Additional Information and Where to Find It
This communication relates to a proposed business combination involving BBDC and MVC, along with related proposals for which stockholder approval will be sought (collectively, the “Proposals”).
In connection with the proposed transaction, BBDC and MVC plan to file with the SEC and mail to their respective stockholders a joint proxy statement on Schedule 14A (the “Proxy Statement”), and BBDC plans to file with the SEC a registration statement on Form N-14 (the “Registration Statement”) that will include the Proxy Statement and a prospectus of BBDC. The Proxy Statement and the Registration Statement will each contain important information about BBDC, MVC, the proposed transaction and related matters.

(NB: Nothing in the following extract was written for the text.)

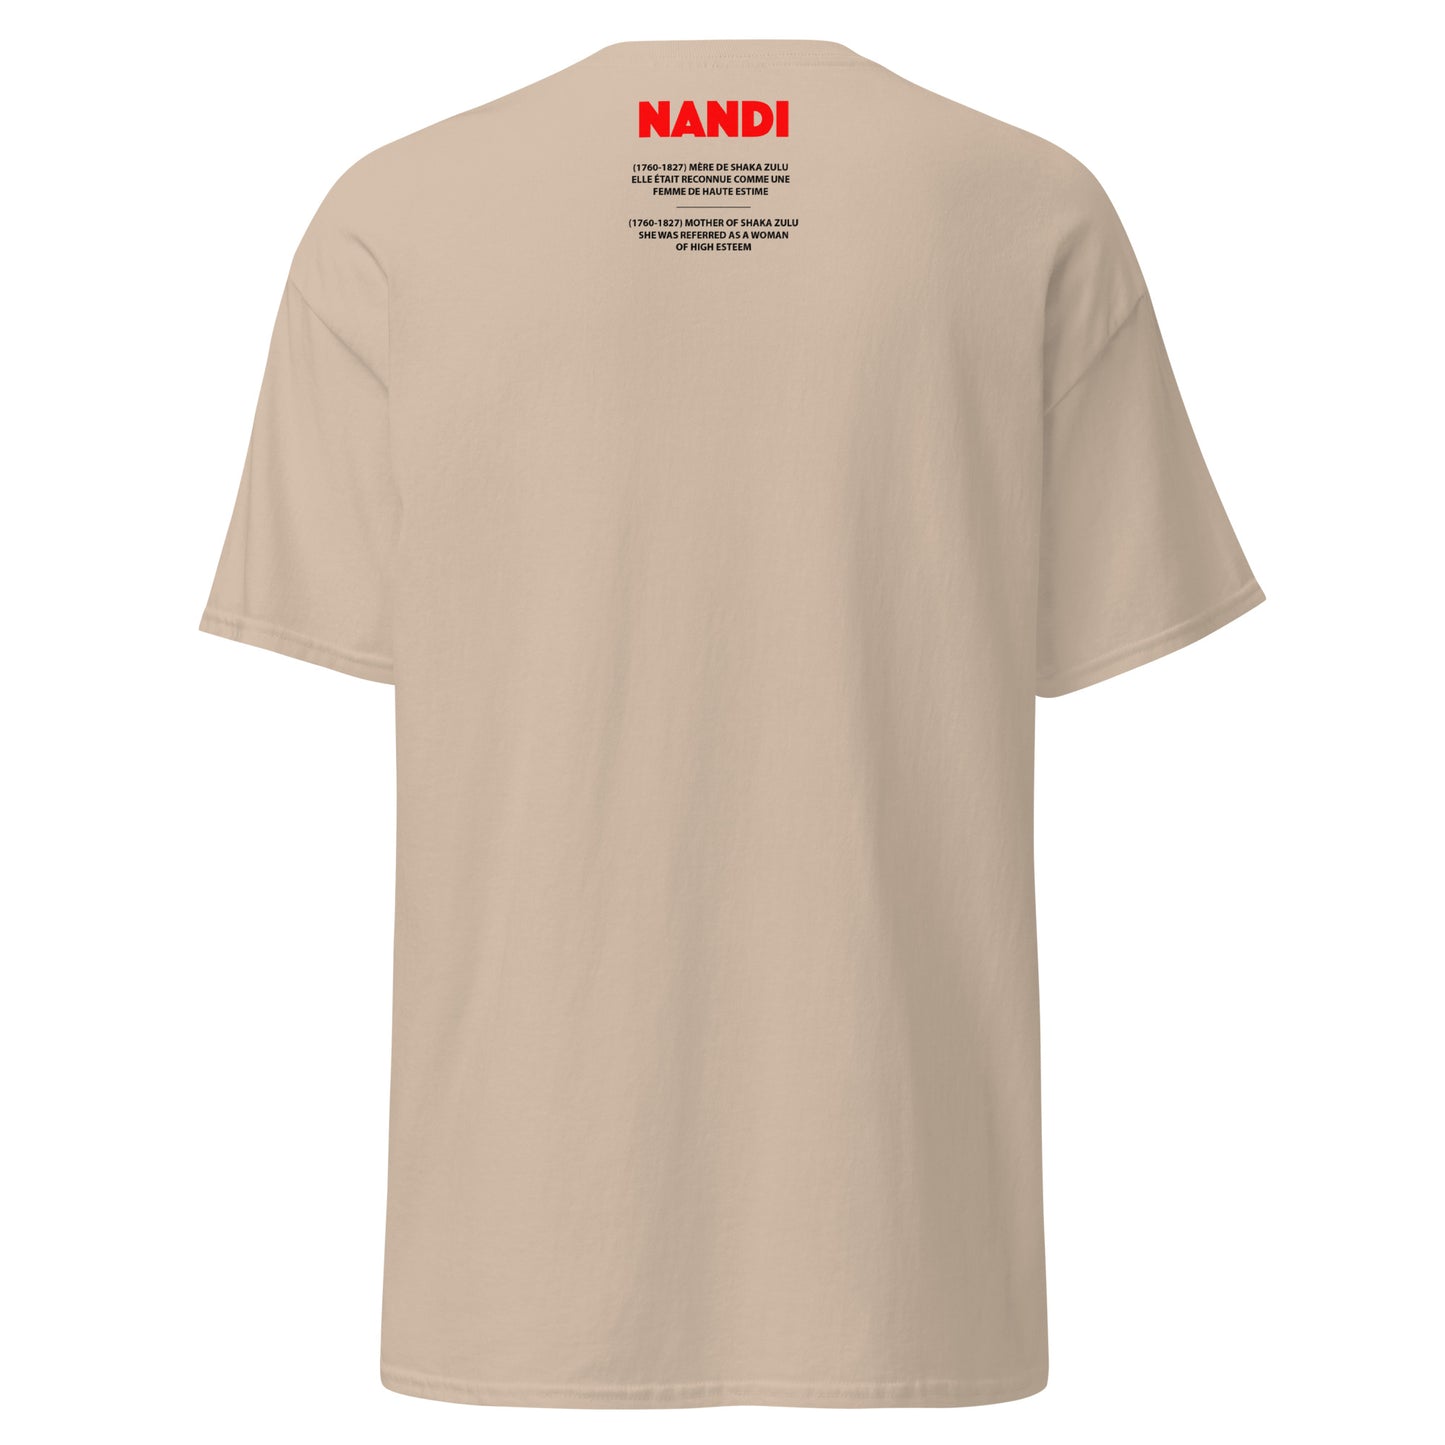 NANDI (T-Shirt Miroir)

STOCKHOLDERS OF EACH OF BBDC AND MVC ARE URGED TO READ CAREFULLY AND IN THEIR ENTIRETY ALL RELEVANT DOCUMENTS FILED WITH THE SEC, INCLUDING THE PROXY STATEMENT AND THE REGISTRATION STATEMENT WHEN THEY BECOME AVAILABLE, AS WELL AS ANY AMENDMENTS OR SUPPLEMENTS THERETO, BECAUSE THEY WILL CONTAIN IMPORTANT INFORMATION ABOUT BBDC, MVC, THE MERGER AND THE PROPOSALS. Investors and security holders will be able to obtain the documents filed with the SEC free of charge at the SEC’s web site at http://www.sec.gov and, for documents filed by BBDC, from BBDC’s website at http://www.baringsbdc.com, or for documents filed by MVC, from MVC’s website at http://www.mvccapital.com.
Participants in the Solicitation
BBDC and MVC and their respective directors, executive officers and certain other members of management and employees of Barings, The Tokarz Group Advisers LLC and their respective affiliates, may be deemed to be participants in the solicitation of proxies from the stockholders of BBDC and MVC in connection with the Proposals. Information about the directors and executive officers of BBDC is set forth in its proxy statement for its 2020 annual meeting of stockholders, which was filed with the SEC on March 10, 2020. Information about the directors and executive officers of MVC is set forth in its proxy statement for its 2020 annual meeting of stockholders, which was filed with the SEC on June 10, 2020. Information regarding the persons who may, under the rules of the SEC, be considered participants in the solicitation of BBDC’s and MVC’s stockholders in connection with the Proposals will be contained in the Proxy Statement and other relevant materials to be filed with the SEC when such documents become available. Investors should read the Proxy Statement and Registration Statement carefully and in their entirety when they become available before making any voting or investment decisions. These documents may be obtained free of charge from the sources indicated above.
No Offer or Solicitation
This Current Report on Form 8-K is not, and under no circumstances is it to be construed as, a prospectus or an advertisement and the communication of this Current Report on Form 8-K is not, and under no circumstances is it to be construed as, an offer to sell or a solicitation of an offer to purchase any securities in BBDC, MVC or in any fund or other investment vehicle. No offer of securities shall be made except by means of a prospectus meeting the requirements of Section 10 of the Securities Act.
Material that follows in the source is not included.